Department of Medical Biochemistry and Biophysics, Chemistry II, Karolinska Institutet , Stockholm, Sweden.
Biochemistry. 2013 Mar 12;52(10):1755-64. doi: 10.1021/bi3014104. Epub 2013 Feb 27.
Microsomal glutathione S-transferase 2 (MGST2) is a 17 kDa trimeric integral membrane protein homologous to leukotriene C4 synthase (LTC4S). MGST2 has been suggested to catalyze the biosynthesis of the pro-inflammatory mediator leukotriene C4 (LTC4) in cells devoid of LTC4S. A detailed biochemical study of MGST2 is critical for the understanding of its cellular function and potential role as an LTC4-producing enzyme. Here we have characterized the substrate specificity and catalytic properties of purified MGST2 by steady-state and pre-steady-state kinetic experiments. In comparison with LTC4S, which has a catalytic efficiency of 8.7 × 10(5) M(-1) s(-1), MGST2, with a catalytic efficiency of 1.8 × 10(4) M(-1) s(-1), is considerably less efficient in producing LTC4. However, the two enzymes display a similar KM(LTA4) of 30-40 μM. While LTC4S has one activated glutathione (GSH) (forming a thiolate) per enzyme monomer, the MGST2 trimer seems to display only third-of-the-sites reactivity for thiolate activation, which in part would explain its lower catalytic efficiency. Furthermore, MGST2 displays GSH-dependent peroxidase activity of ∼0.2 μmol min(-1) mg(-1) toward several lipid hydroperoxides. MGST2, but not LTC4S, is efficient in catalyzing conjugation of the electrophilic substrate 1-chloro-2,4-dinitrobenzene (CDNB) and the lipid peroxidation product 4-hydroxy-2-nonenal with GSH. Using stopped-flow pre-steady-state kinetics, we have characterized the full catalytic reaction of MGST2 with CDNB and GSH as substrates, showing an initial rapid equilibrium binding of GSH followed by thiolate formation. Burst kinetics for the CDNB-GSH conjugation step was observed only at low GSH concentrations (thiolate anion formation becoming rate-limiting under these conditions). Product release is rapid and does not limit the overall reaction. Therefore, in general, the chemical conjugation step is rate-limiting for MGST2 at physiological GSH concentrations. MGST2 and LTC4S exhibit distinct catalytic and mechanistic properties, reflecting adaptation to broad and specific physiological functions, respectively.
微粒体谷胱甘肽 S-转移酶 2(MGST2)是一种 17 kDa 的三聚体整合膜蛋白,与白三烯 C4 合酶(LTC4S)同源。有人认为,MGST2 在缺乏 LTC4S 的细胞中催化促炎介质白三烯 C4(LTC4)的生物合成。
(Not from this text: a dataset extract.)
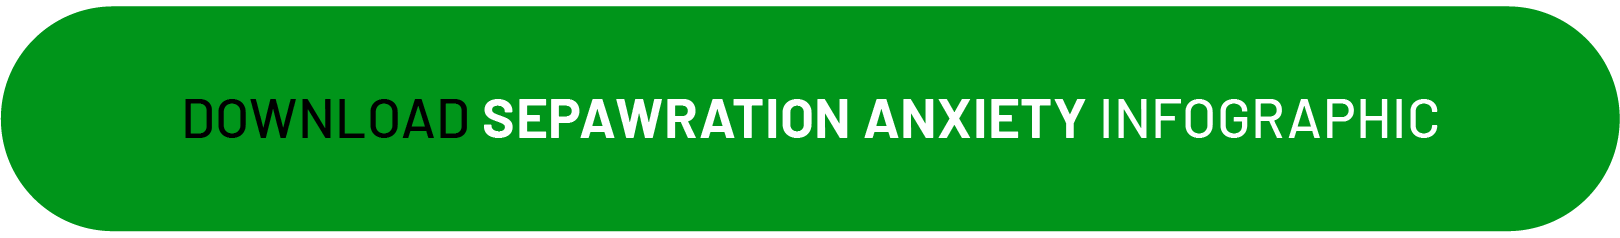 Green download button that reads "Download Sepawration Anxiety Infographic"

对 MGST2 的详细生化研究对于理解其细胞功能和作为 LTC4 产生酶的潜在作用至关重要。在这里,我们通过稳态和预稳态动力学实验对纯化的 MGST2 的底物特异性和催化特性进行了表征。与催化效率为 8.7×10(5)M(-1)s(-1)的 LTC4S 相比,催化效率为 1.8×10(4)M(-1)s(-1)的 MGST2 在产生 LTC4 方面效率明显较低。然而,两种酶对 LTA4 的 KM 值相似,为 30-40 μM。虽然 LTC4S 每个酶单体具有一个活化的谷胱甘肽(GSH)(形成硫醇盐),但 MGST2 三聚体似乎仅显示三分之一的活性位点用于硫醇盐活化,这在一定程度上解释了其较低的催化效率。此外,MGST2 对几种脂质过氧化物显示出依赖 GSH 的过氧化物酶活性,约为 0.2 μmol min(-1)mg(-1)。MGST2 能够有效地催化亲电子底物 1-氯-2,4-二硝基苯(CDNB)和脂质过氧化产物 4-羟基-2-壬烯与 GSH 的缀合,而 LTC4S 则不能。使用停流预稳态动力学,我们对 MGST2 与 CDNB 和 GSH 作为底物的完全催化反应进行了表征,表明 GSH 的快速初始平衡结合,然后形成硫醇盐。仅在低 GSH 浓度下观察到 CDNB-GSH 缀合步骤的爆发动力学(在这些条件下,硫醇盐阴离子形成成为限速步骤)。产物释放迅速,不会限制整个反应。因此,一般来说,在生理 GSH 浓度下,MGST2 的化学缀合步骤是限速步骤。MGST2 和 LTC4S 表现出不同的催化和机制特性,分别反映了对广泛和特定生理功能的适应。